## TASK GOAL
Reproduce the listing below word for word and exclude any picture.

## STORED DATA
····················

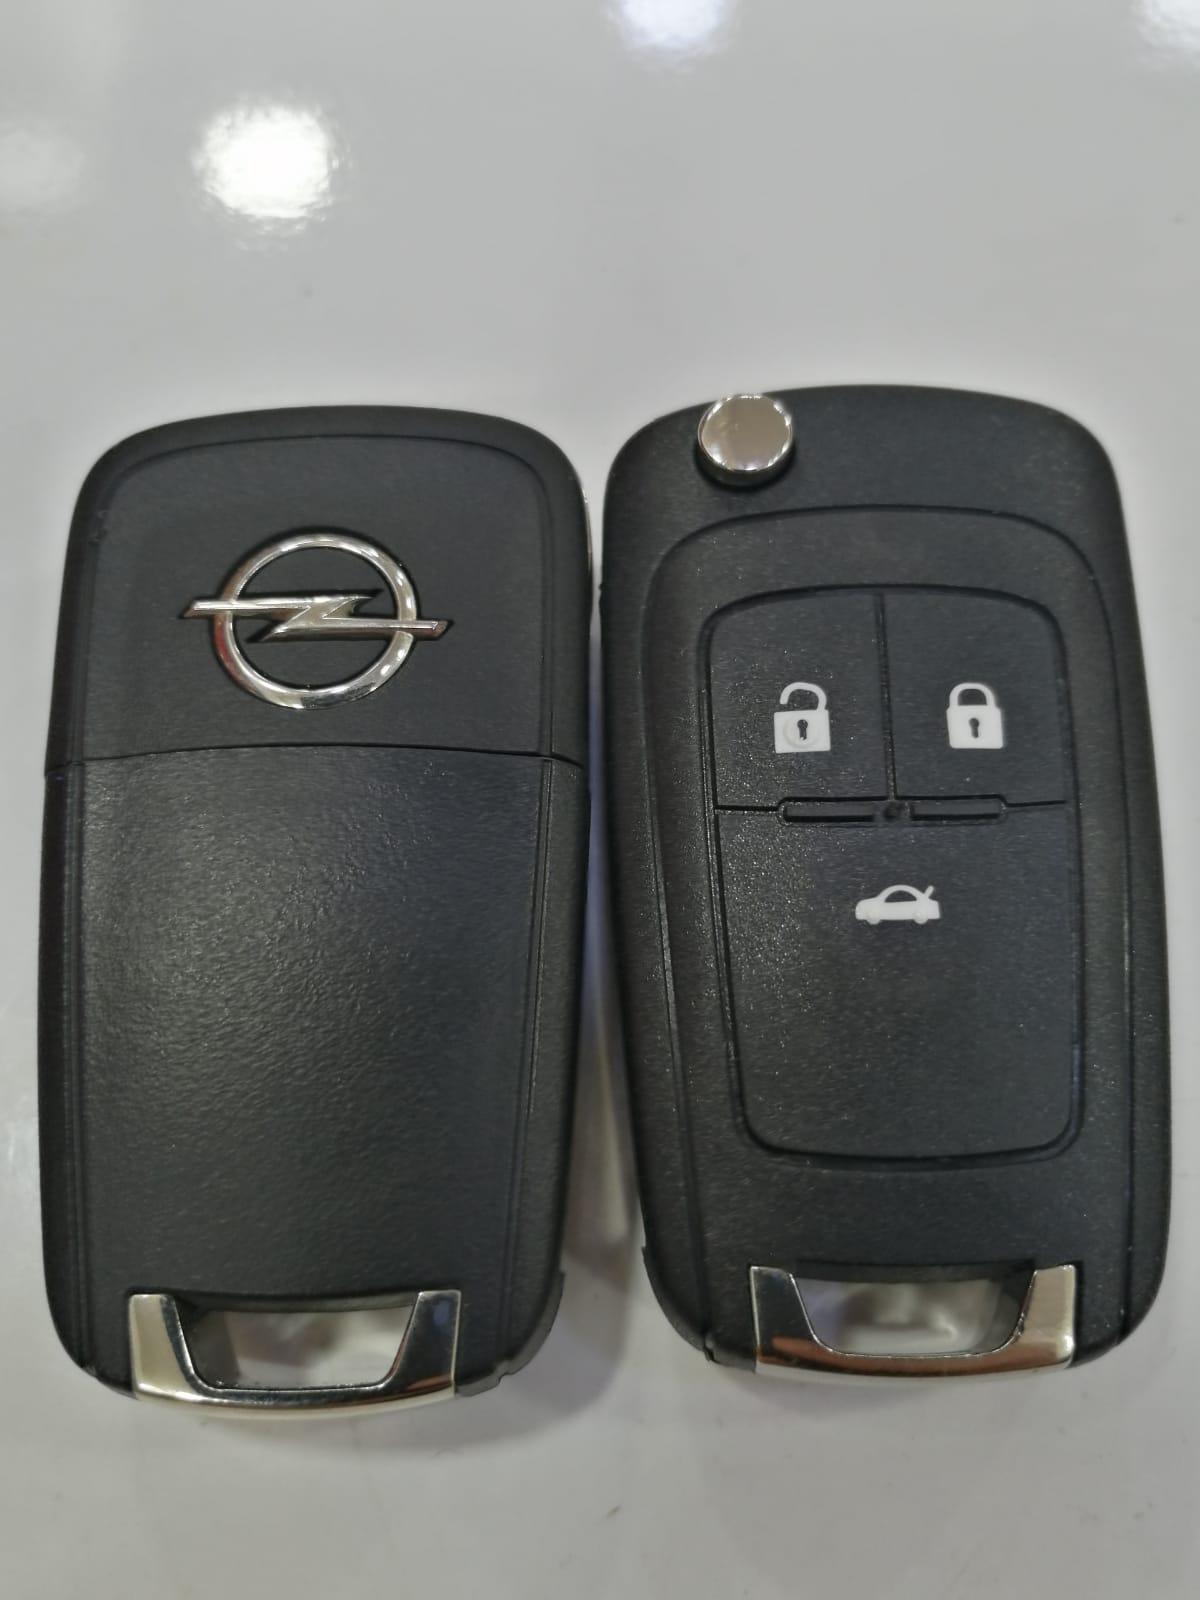 Astra J - insignia 3 buton
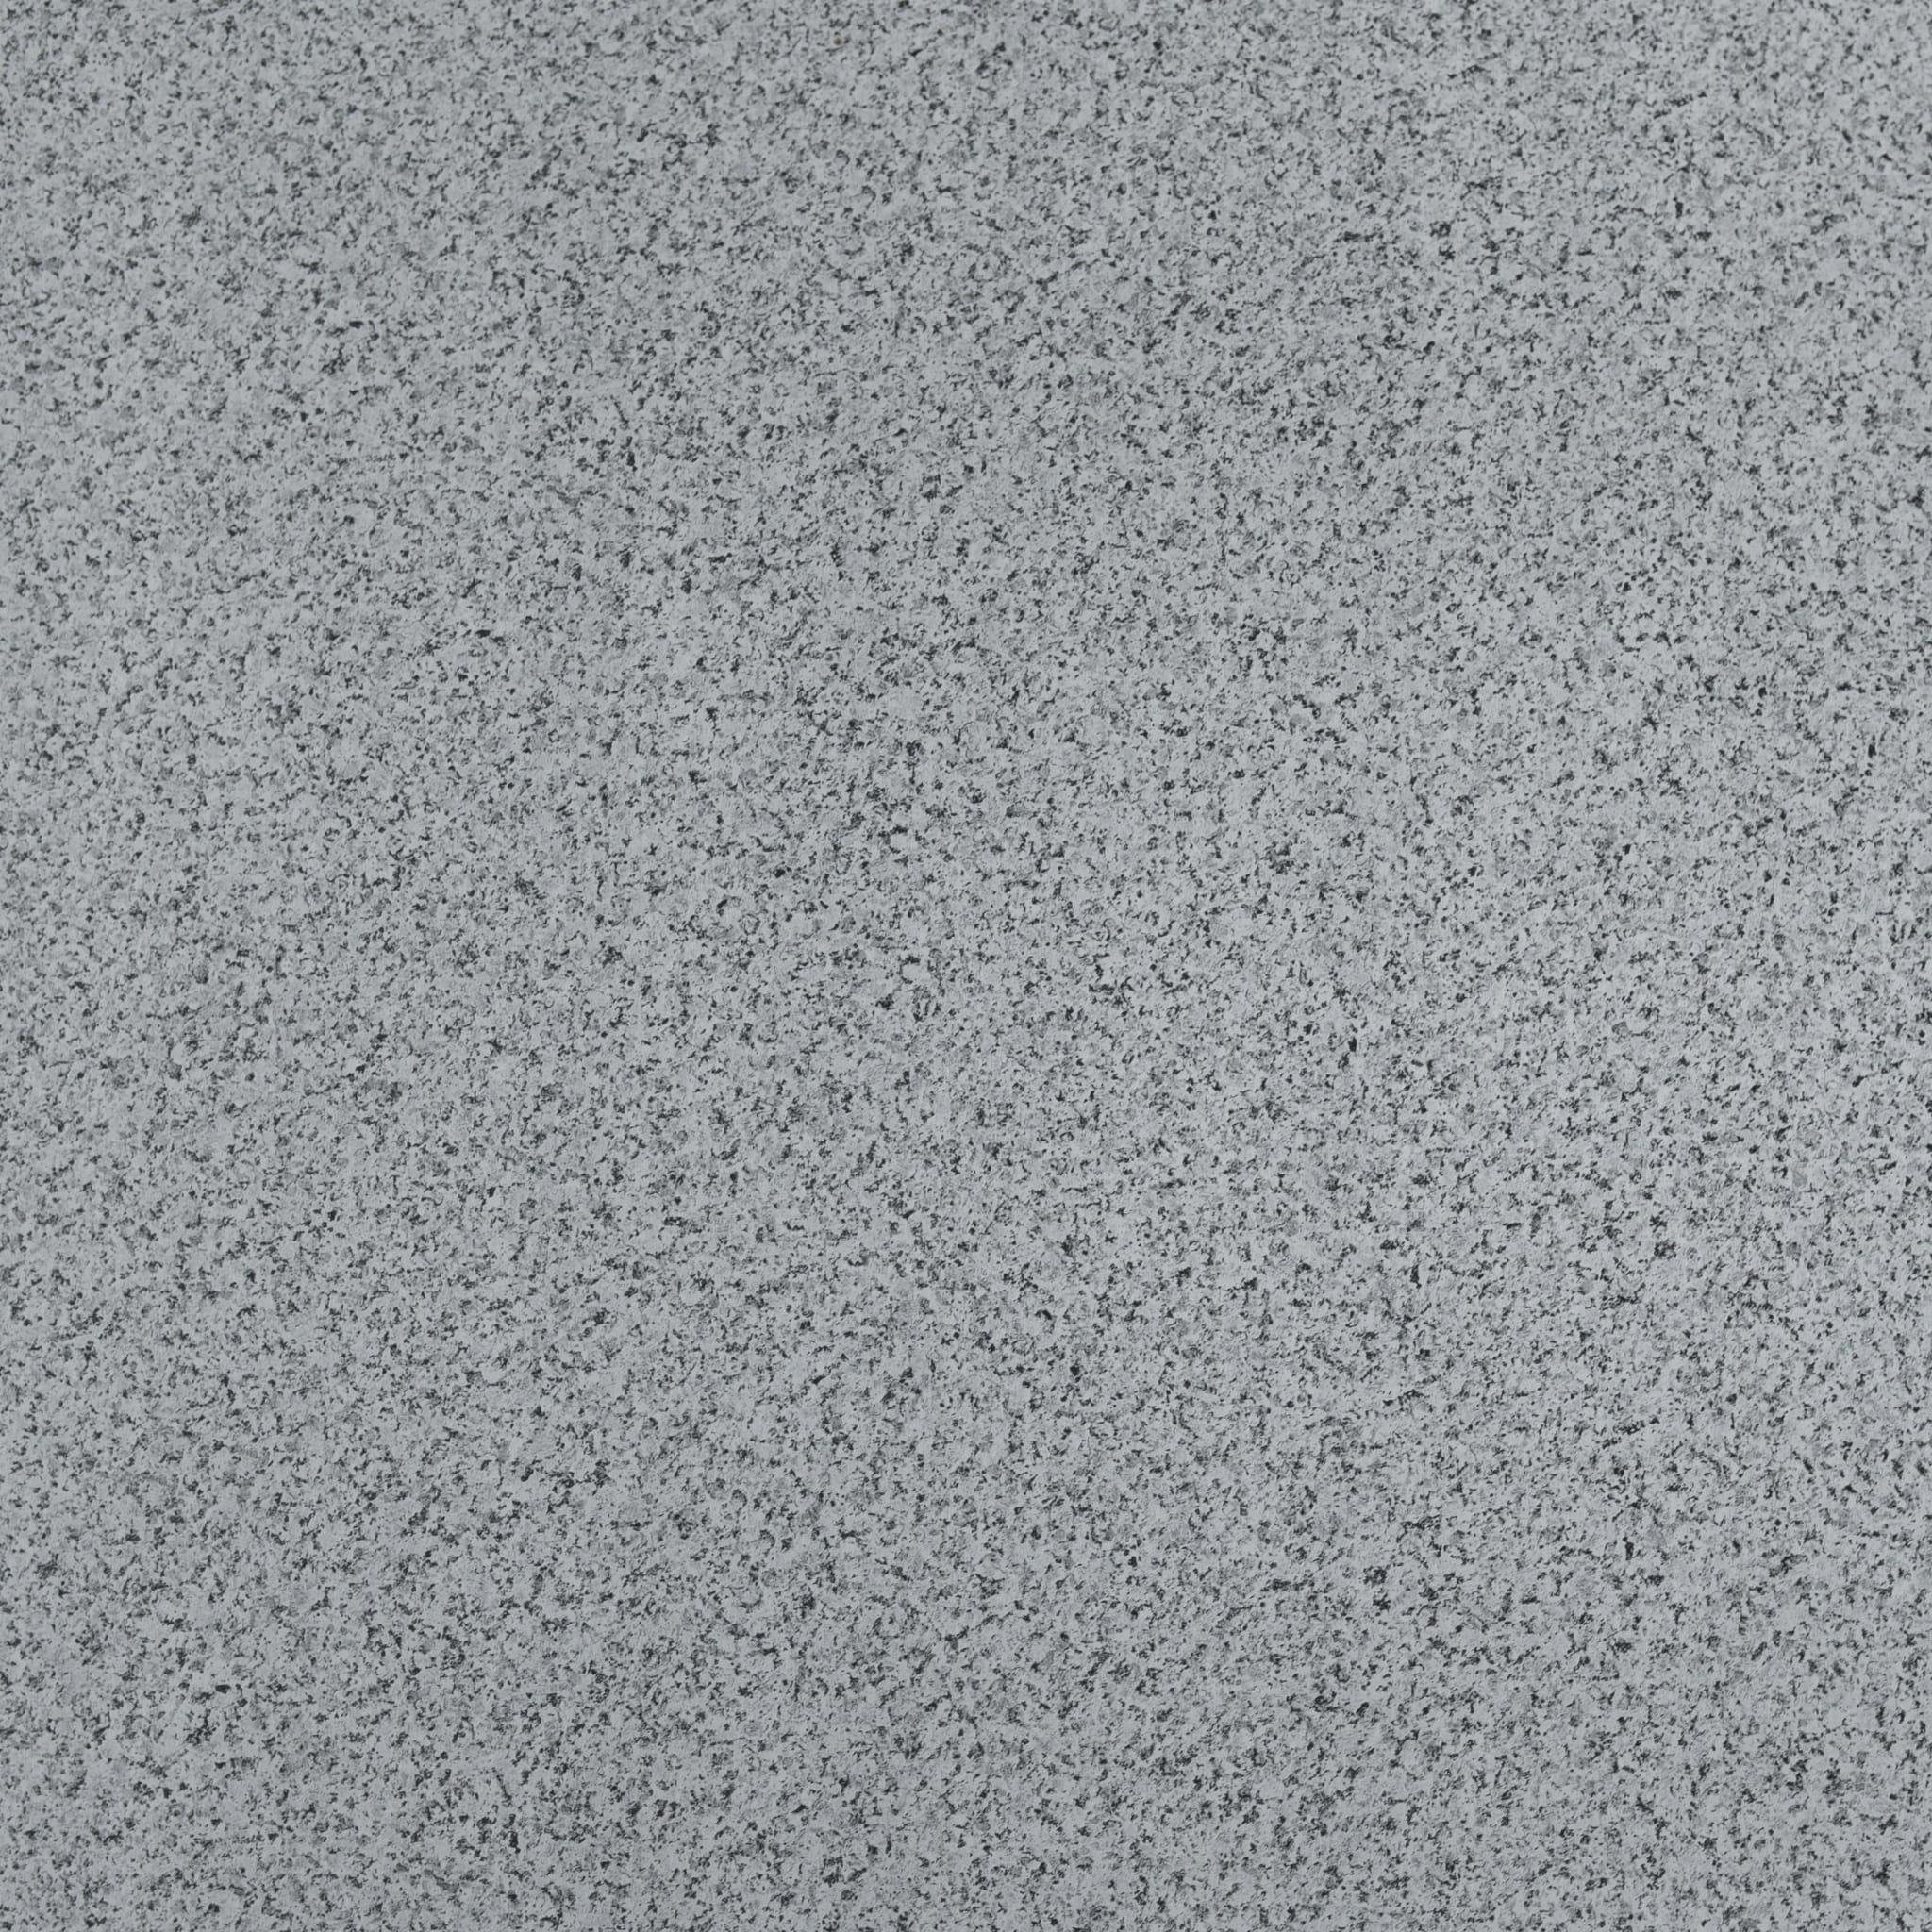 Wykładzina PCV linoleum gumolit lastryko szara 2m
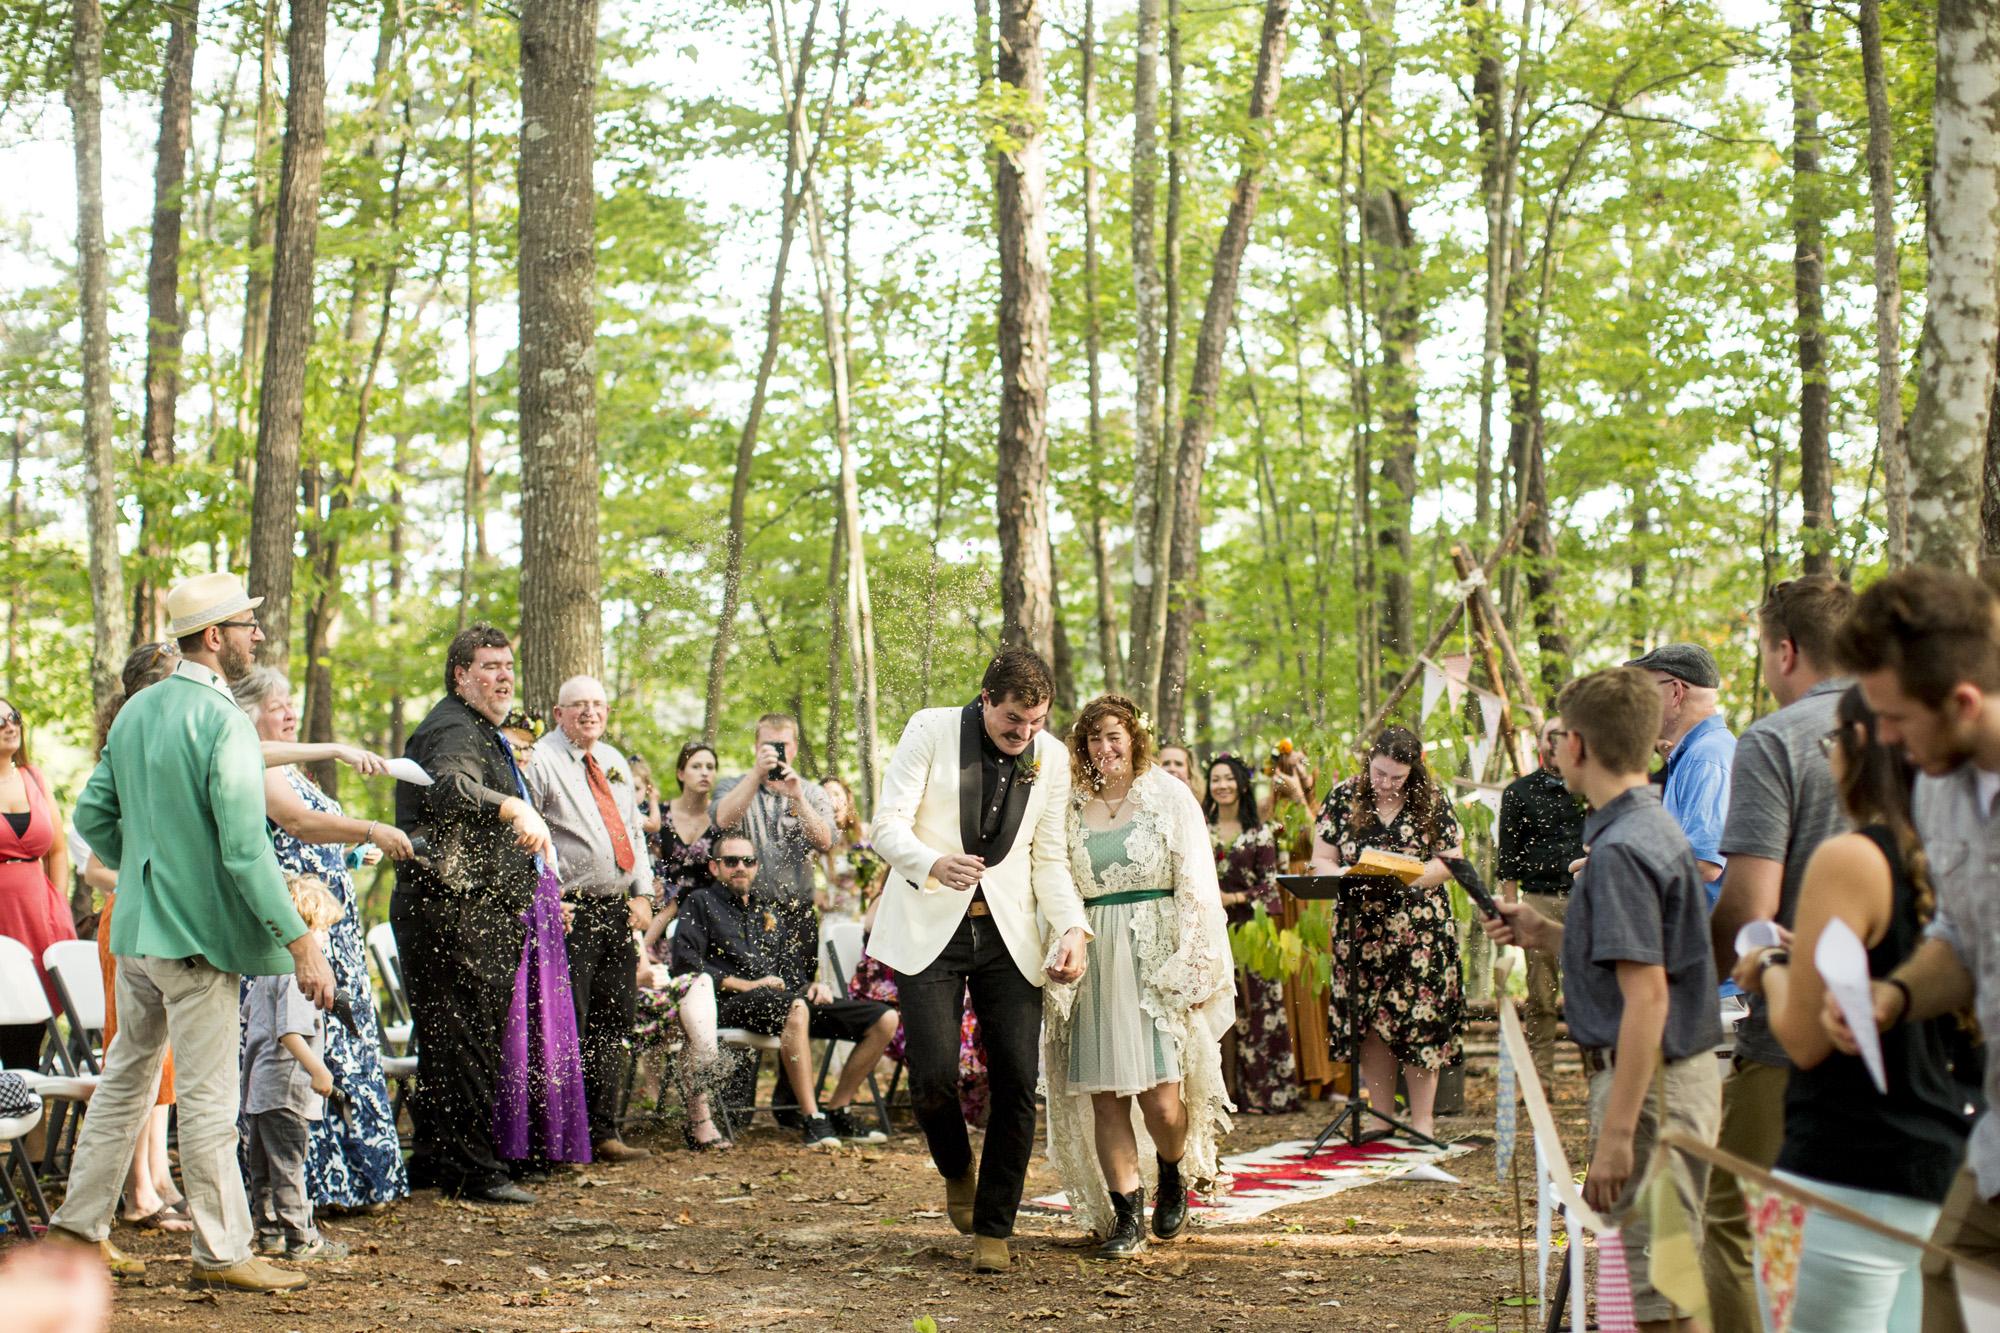 Seriously_Sabrina_Photography_Red_River_Gorge_Kentucky_Wedding_ShawnDana134.jpg

····················

## RESULT OF THE EXERCISE
 Astra J - insignia 3 buton
 Wykładzina PCV linoleum gumolit lastryko szara 2m
 Seriously_Sabrina_Photography_Red_River_Gorge_Kentucky_Wedding_ShawnDana134.jpg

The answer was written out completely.